Stored data.

━━━━━━━━━━━━━━━━━━━━━━━━━━━━━━

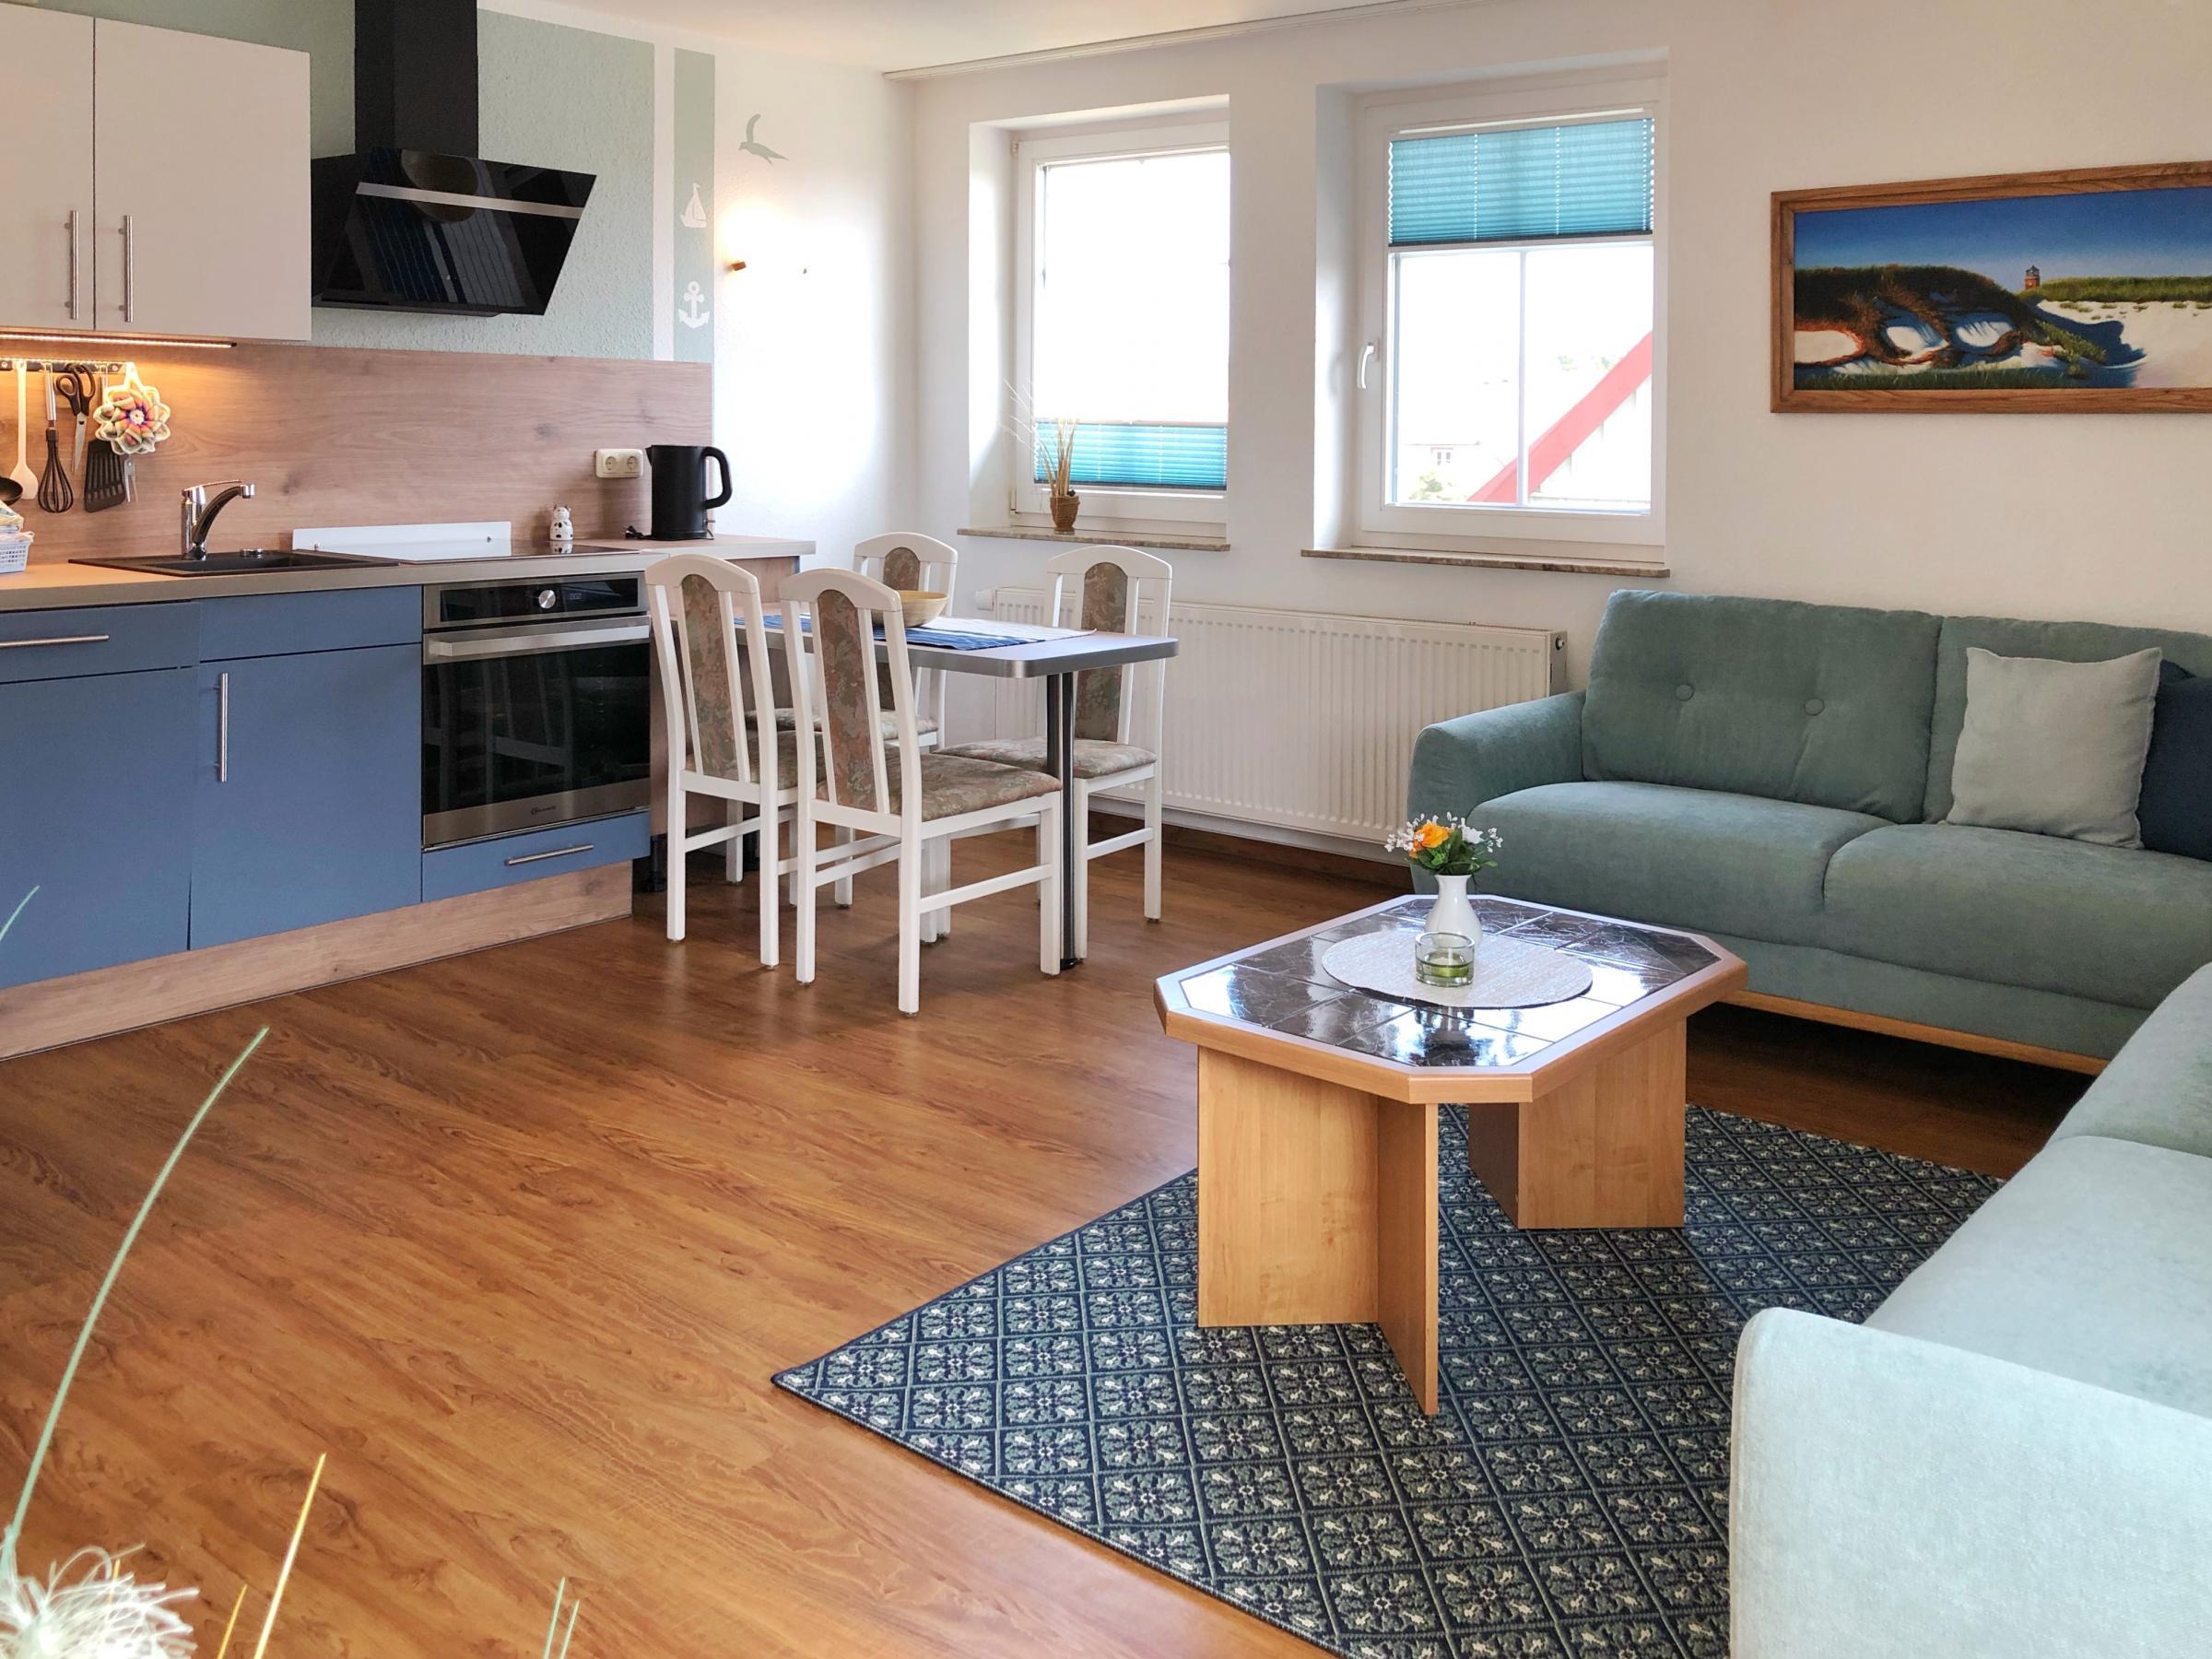 Viel Platz im zentralen Wohn- und Küchenbereich der Wohnung. Von allen PLaätzen können Sie entspannt  das digitale SAT-Fernsehprogramm verfolgen.
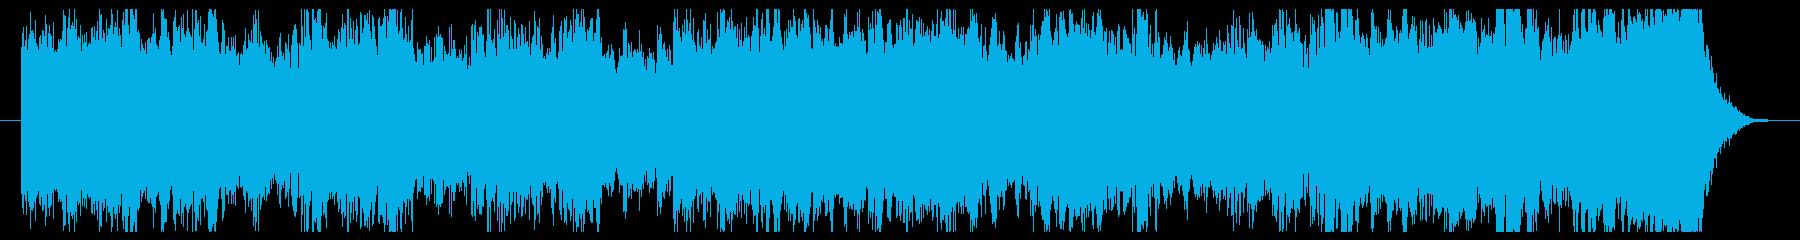 期待・緊張を感じるオープニング向けBGMの再生済みの波形
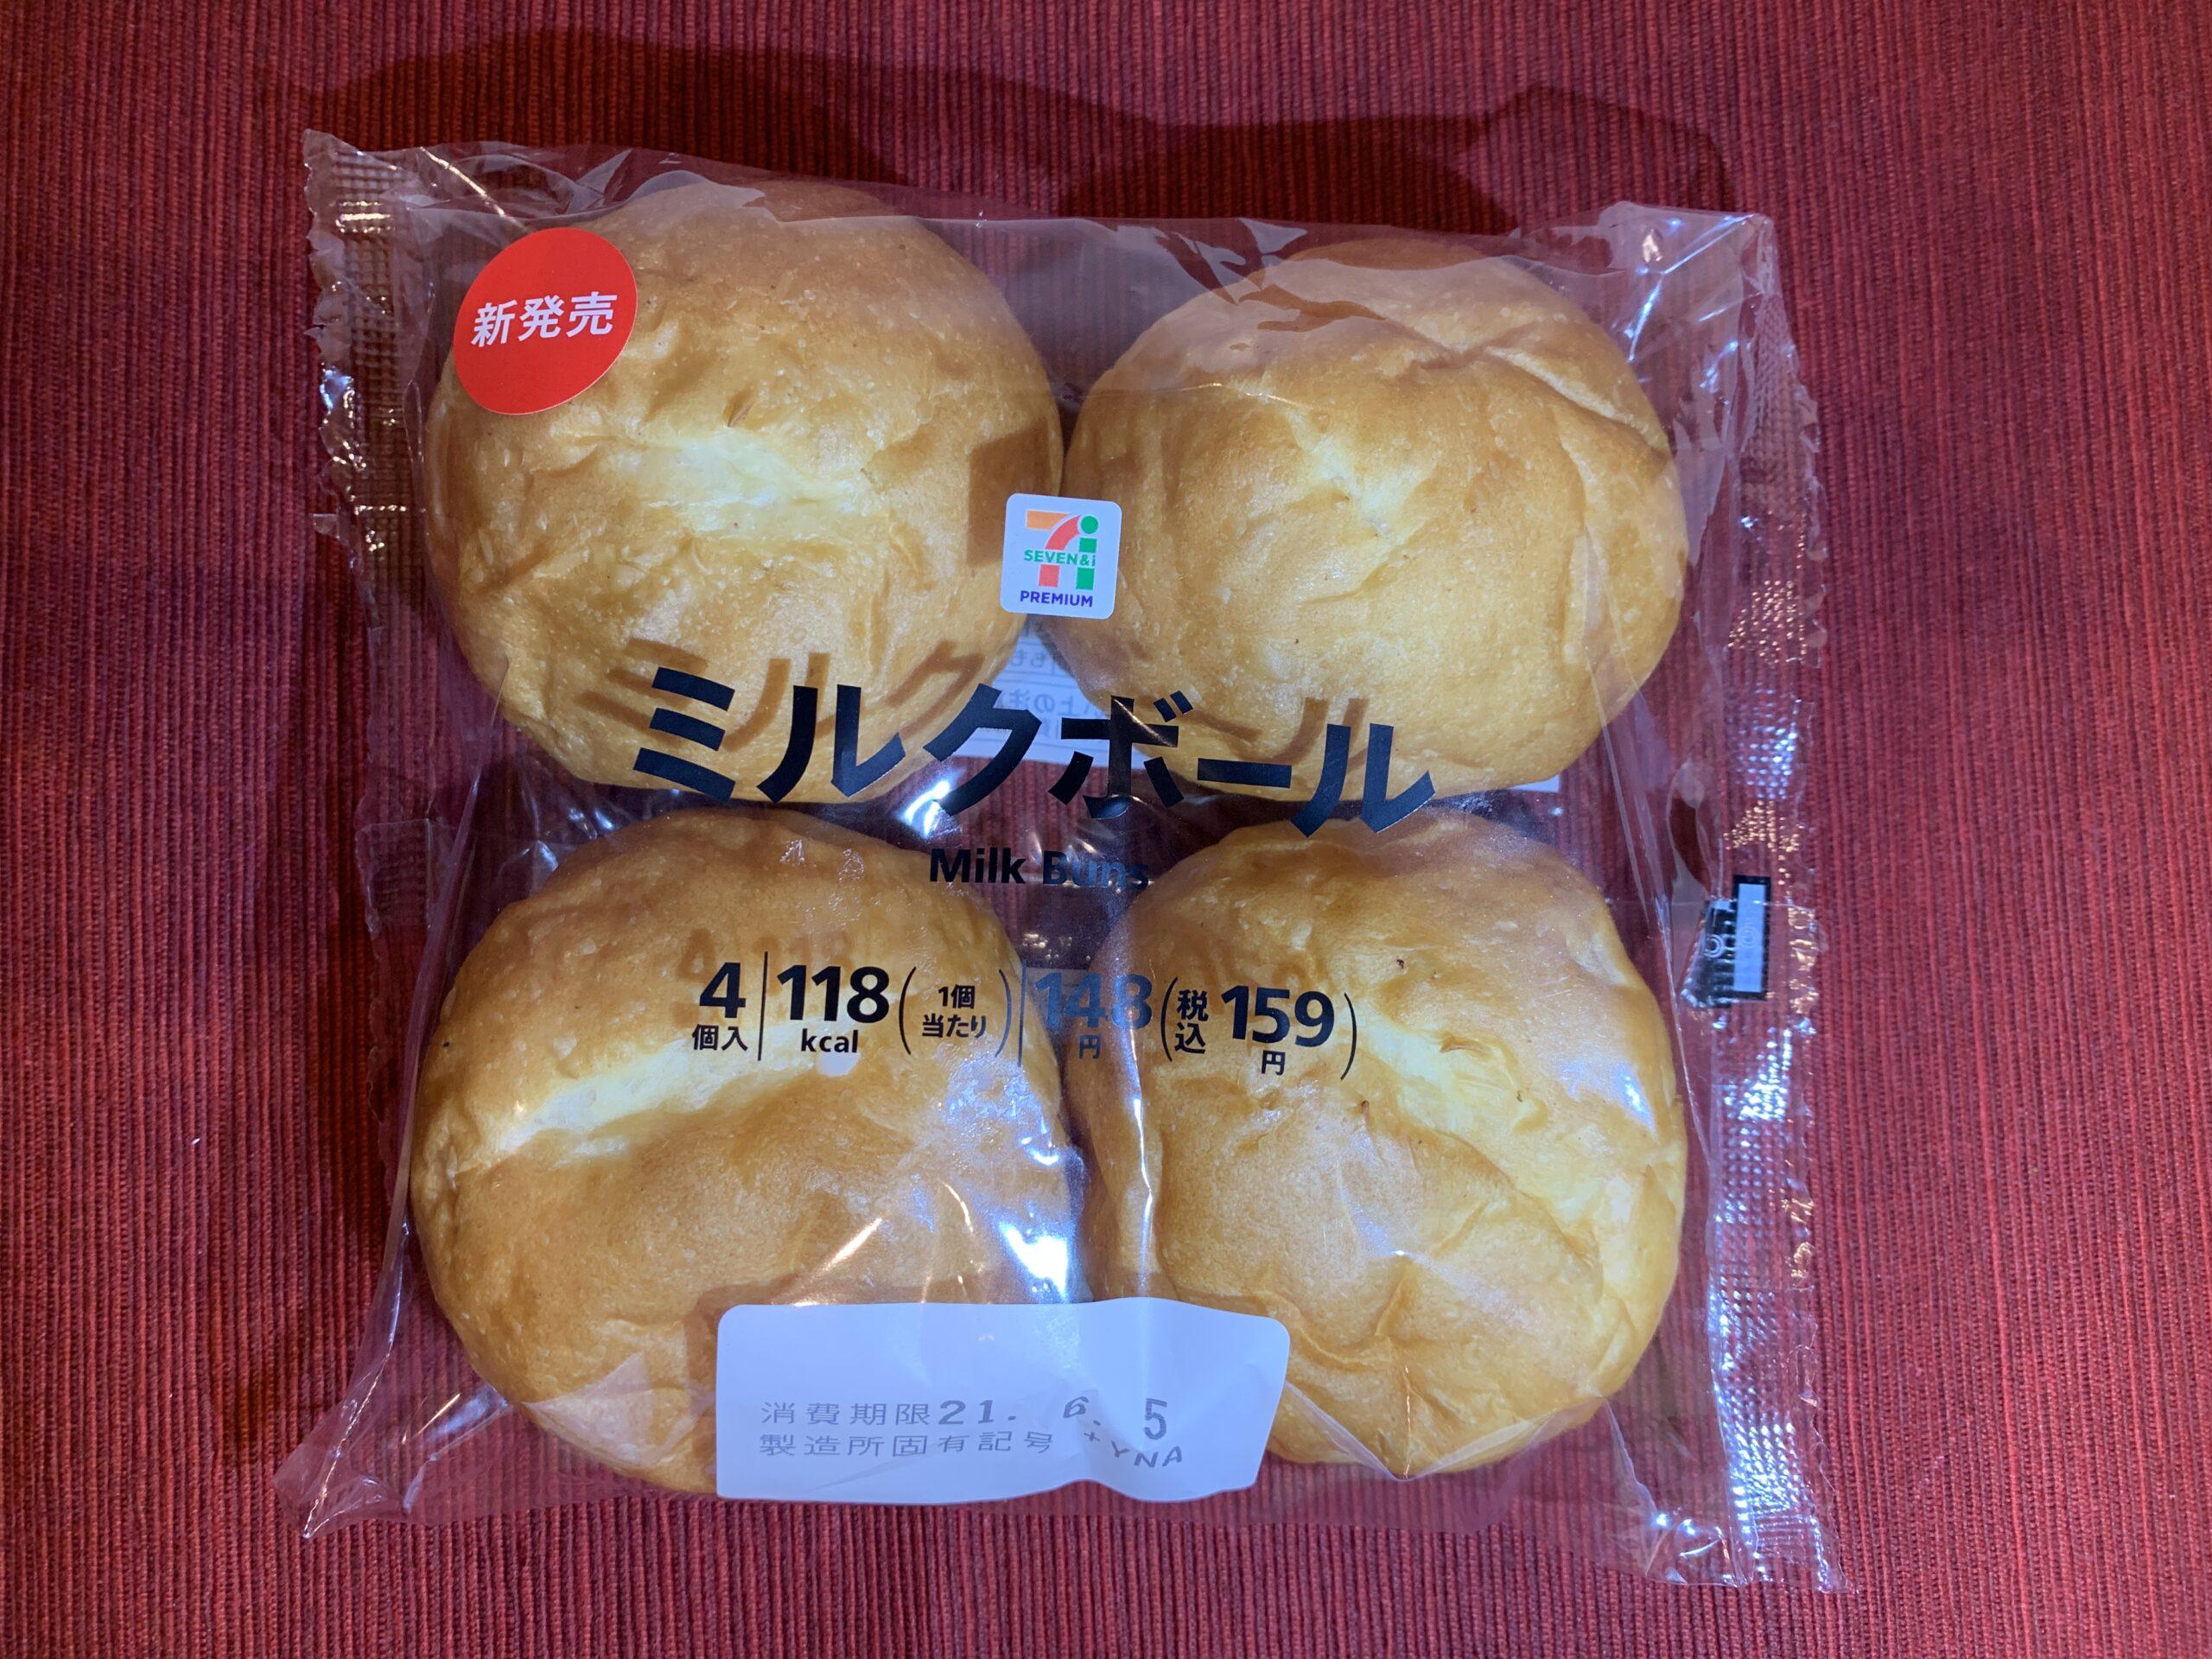 セブンの新発売パン:ミルクボールの値段やカロリーは?

━━━━━━━━━━━━━━━━━━━━━━━━━━━━━━

Exercise. Would you return the whole listing above exactly as written, skipping any image?

Answer for the task.
 Viel Platz im zentralen Wohn- und Küchenbereich der Wohnung. Von allen PLaätzen können Sie entspannt  das digitale SAT-Fernsehprogramm verfolgen.
 期待・緊張を感じるオープニング向けBGMの再生済みの波形
 セブンの新発売パン:ミルクボールの値段やカロリーは?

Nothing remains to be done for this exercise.